[Work instructions]
A verbatim copy is needed of the lines below from the one containing "The European Library" up to and including the one containing "Médaille 1 Euro", excluding pictures.

[Task material]
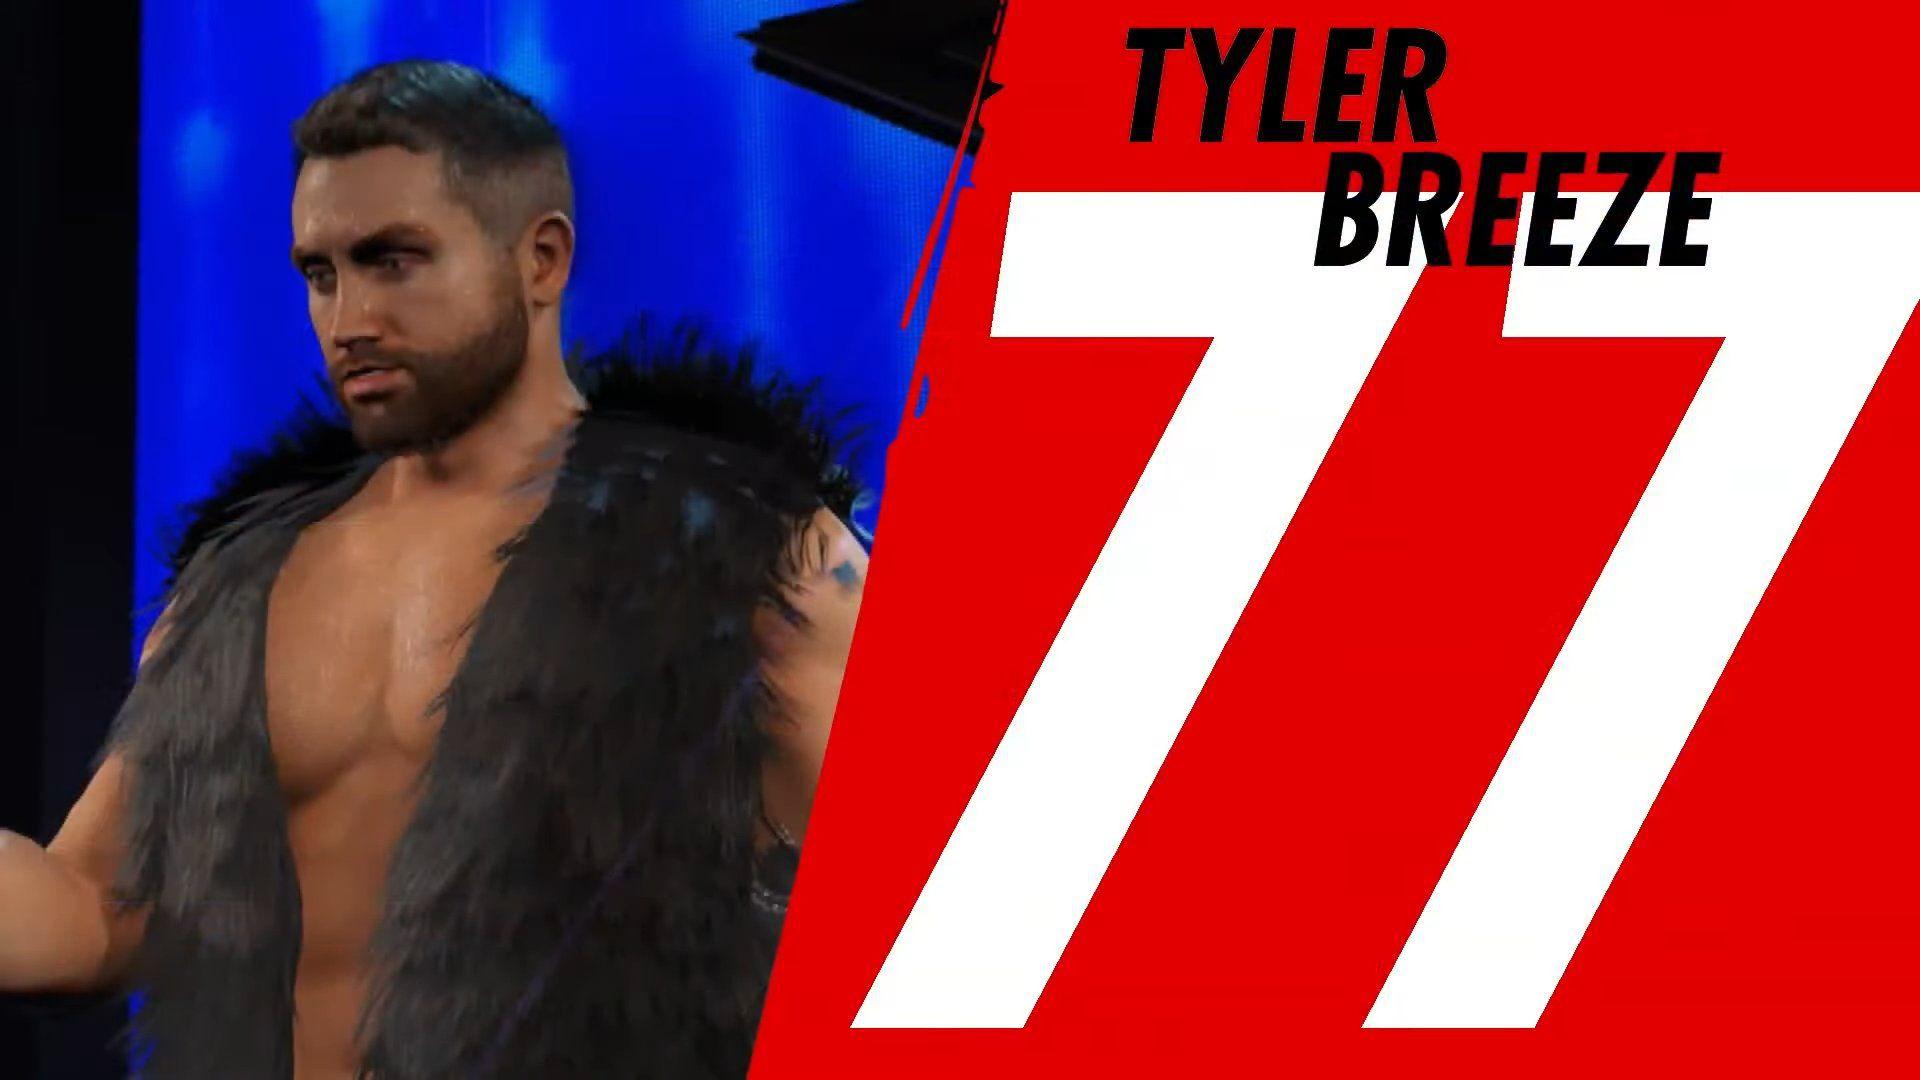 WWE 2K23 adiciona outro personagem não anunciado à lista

--

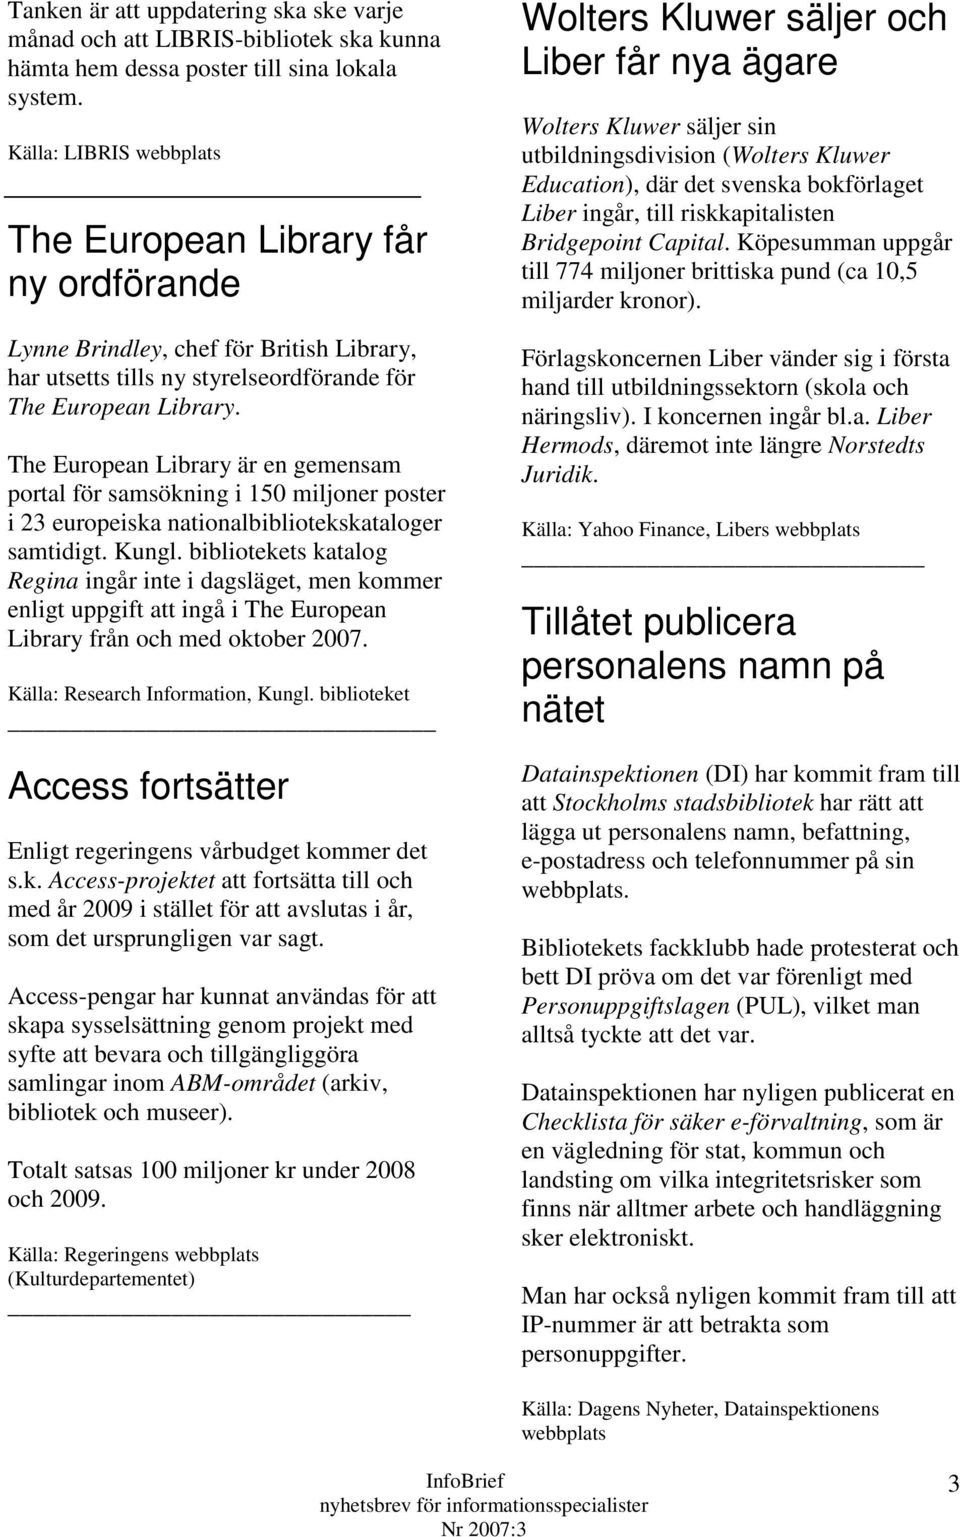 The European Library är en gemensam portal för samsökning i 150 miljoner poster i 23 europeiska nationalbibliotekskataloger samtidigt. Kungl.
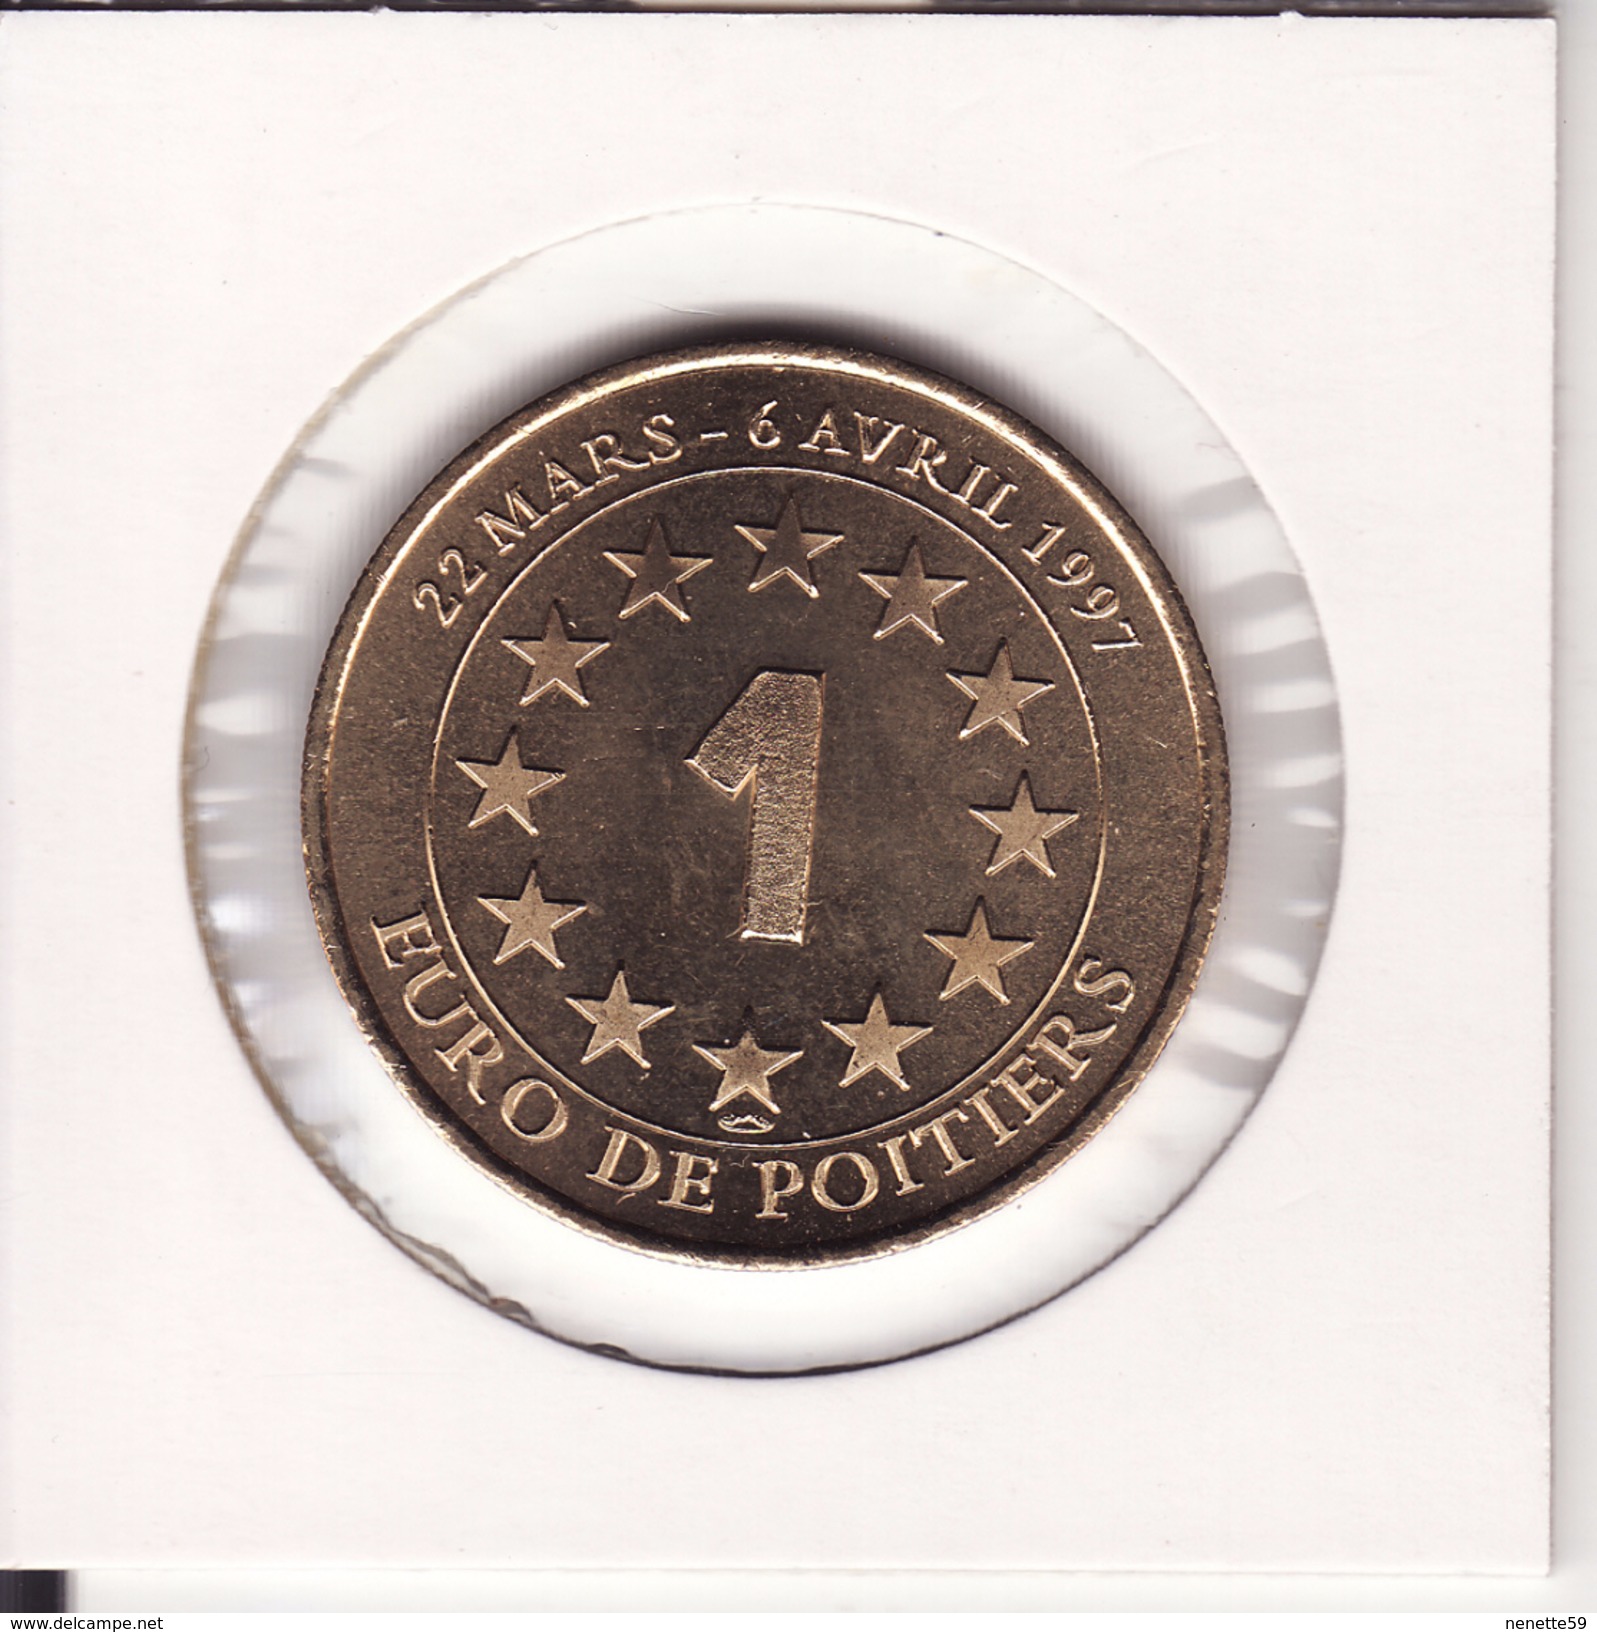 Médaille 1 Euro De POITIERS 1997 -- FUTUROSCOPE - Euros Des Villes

==

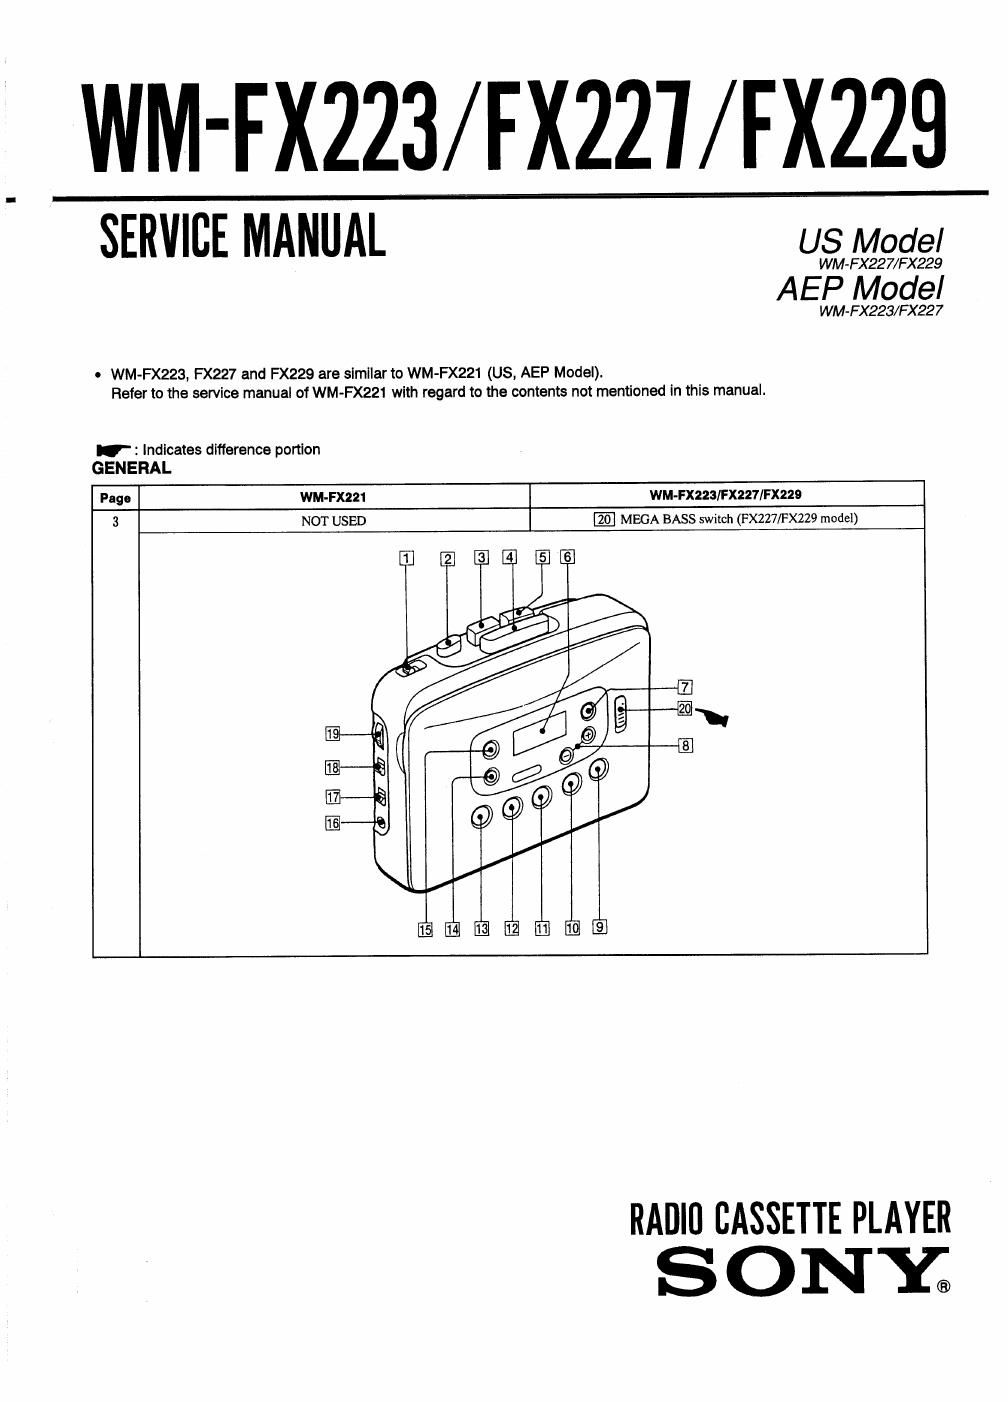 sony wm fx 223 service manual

[Solution to this problem]
 The European Library är en gemensam portal för samsökning i 150 miljoner poster i 23 europeiska nationalbibliotekskataloger samtidigt. Kungl.
 Médaille 1 Euro De POITIERS 1997 -- FUTUROSCOPE - Euros Des Villes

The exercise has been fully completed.